Taking some pain out of finding/linking to unique IDs?

magpiedin commented 6 years ago

A wish/need/dread for data standards came up in issue 41, and brought a few ideas to mind:

For cleaning Darwin Core/biodiversity data, there are some good tools (e.g., Kurator, which looks like it's getting some translation to R).
For finding IDs for publications, people, specimens, taxa, etc, there are lots of great resources (fulltext, rorcid, spocc, taxize...)
But for actually finding & linking the pieces (specifically, the unique IDs for publications, specimens, people, etc), projects often run out of energy/time/awareness

Any thoughts on a helper/gentle-reminder app or lesson for suggesting linkable values contained within datasets or papers -- for instance, by indexing what types of fields/records exist in a given dataset, and suggesting relevant packages from CRAN or ropensci that could retrieve identifiers?

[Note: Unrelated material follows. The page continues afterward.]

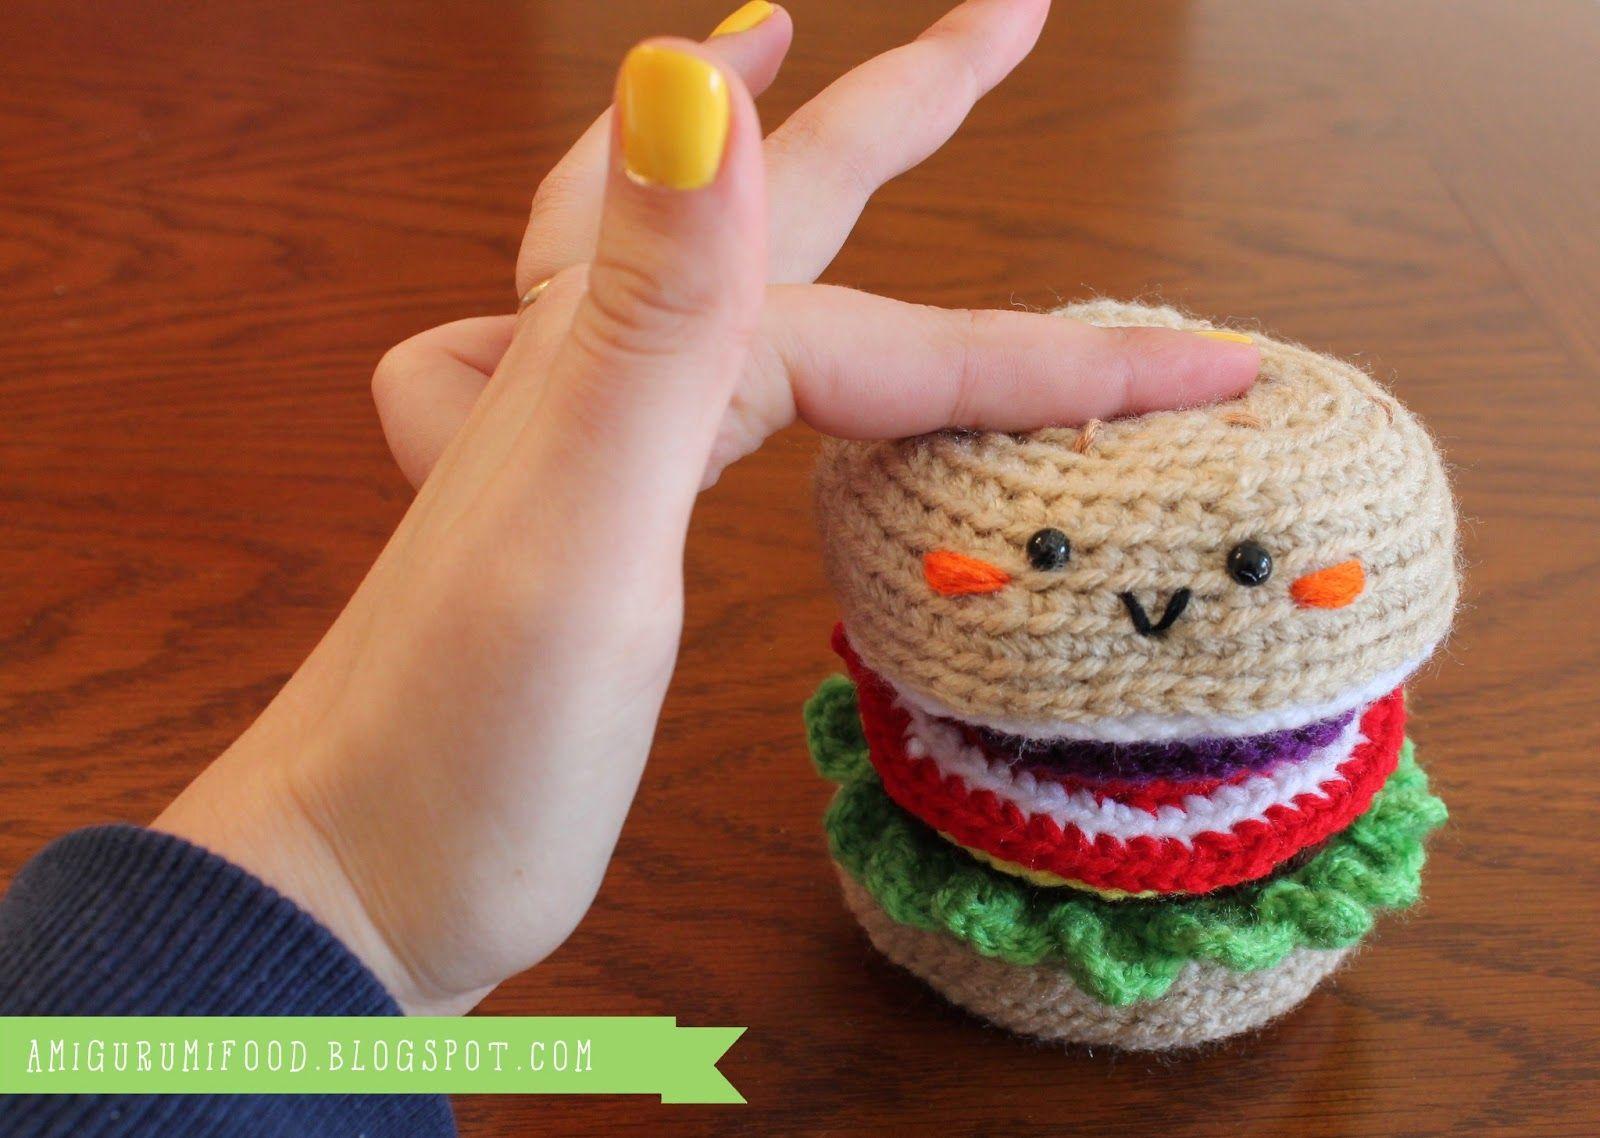 Cheeseburger Amigurumi Free Pattern-Hamburguesa Amigurumi | Crochet ...

I realize I'm glossing over some major obstacles to actually linking data (e.g., cleaning free text values & resolving entities is enough of a mountain; plan-ahead is better than fix-it-in-post when possible), so I'm all ears if this could use more [or a different] focus. Or if something magical already exists along these lines. ...Or if there's a good/sustainable alternative to developing tools/packages that rely on multiple API wrappers?...

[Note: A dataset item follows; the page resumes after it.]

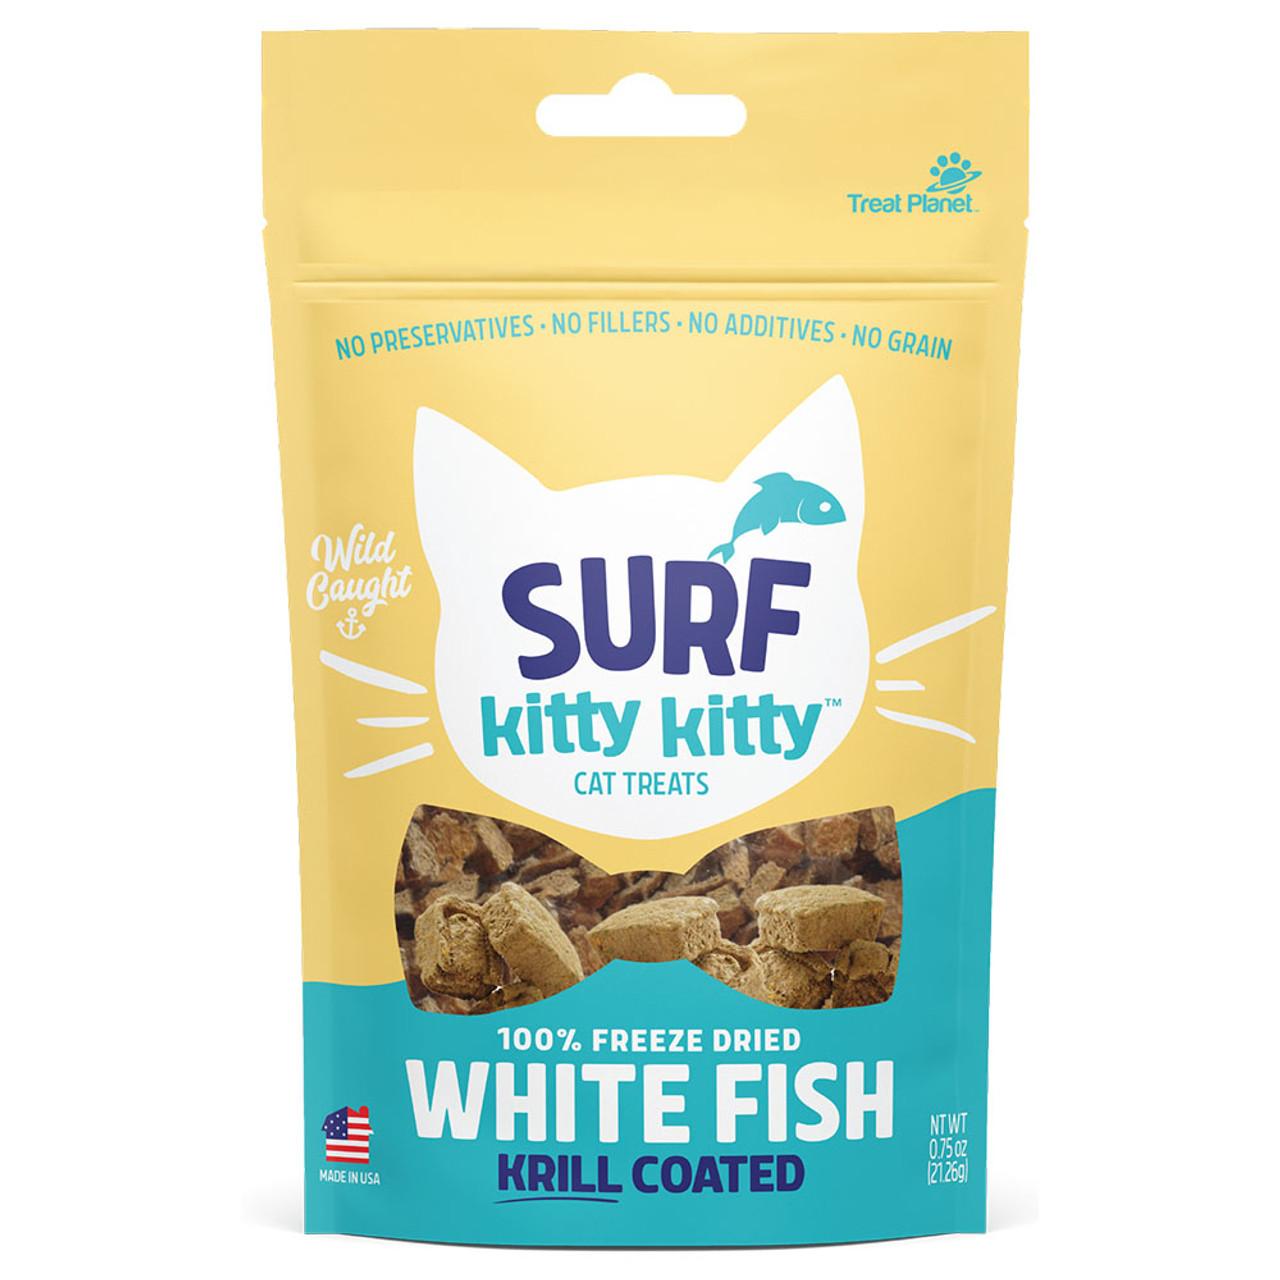 Surf Kitty Kitty White Fish Krill Coated Freeze Dried Cat Treats

noamross commented 6 years ago

This is a hard problem! I have an as-yet unfunded proposal to develop a system that tries to use text-recognition ML identify fields in a dataset and link them to appropriate ontologies - for instance, recognizing which columns are species, which are publications, and such. I believe that @amoeba has worked something similar for DataONE.

Ease of use is definitely one of the big challenges - I could see something like a function like find_ids() that you could run on a document and it would return items that might have IDs (author names, species names, publications) using a text-recognition model (or maybe some pre-trained services like monkeylearn.), perhaps with boilerplate code for searching them via those packages?

Running on CSVs or similar datasets is would probably be a bit harder because the off-the-shelf tools aren't as developed, DataONE has a set of curated, annotated data sets for training models, and was working on it, but I'm not sure the status of that.

cboettig commented 6 years ago

Great suggestion. Advice and simple, performant tools just to find the identifiers would be really cool -- too often most tools assume the user already has a pretty good grasp of the landscape and knows what they want.

An important piece of this puzzle I think are things that can deliver immediate value to the researcher implementing them; or at least a clear value proposition for why to use identifiers. The lesson idea sounds like an interesting way to go; it could illustrate both how to do a task like adding taxa ids, and demonstrate how that makes your life easier (say, in merging two datasets with differing taxonomy)?

cboettig commented 6 years ago

(On darwin core, @sckott also has WIP https://github.com/ropenscilabs/taxadc)

sckott commented 6 years ago

thanks @cboettig - i was just reading this issue.

wrt taxadc, that's just for taxonomy, to try to make it easy for users to convert https://github.com/ropensci/taxa classes to DWC compliant, and then serialize those objects to XML/JSON/JSON-LD/etc.

I agree some kind of tool that scans text for entities that might have unique IDs would be great. On the taxonomy front, there's i think a global names project tool that goes through and can identify taxonomic names in text. But I don't know of tools for other entities that may have identifiers.

We have at least some tools for identifiers for taxonomy and publications. Are there any major missing things that have identifiers that we don't yet have tools for?

magpiedin commented 6 years ago

Thanks for brains! I will keep fingers crossed for ML proposals, and all for something along the lines of a "how to add/merge taxon id's" lesson if it can help elucidate some steps in the meantime (+ compliment other things in the works here/locally/globally).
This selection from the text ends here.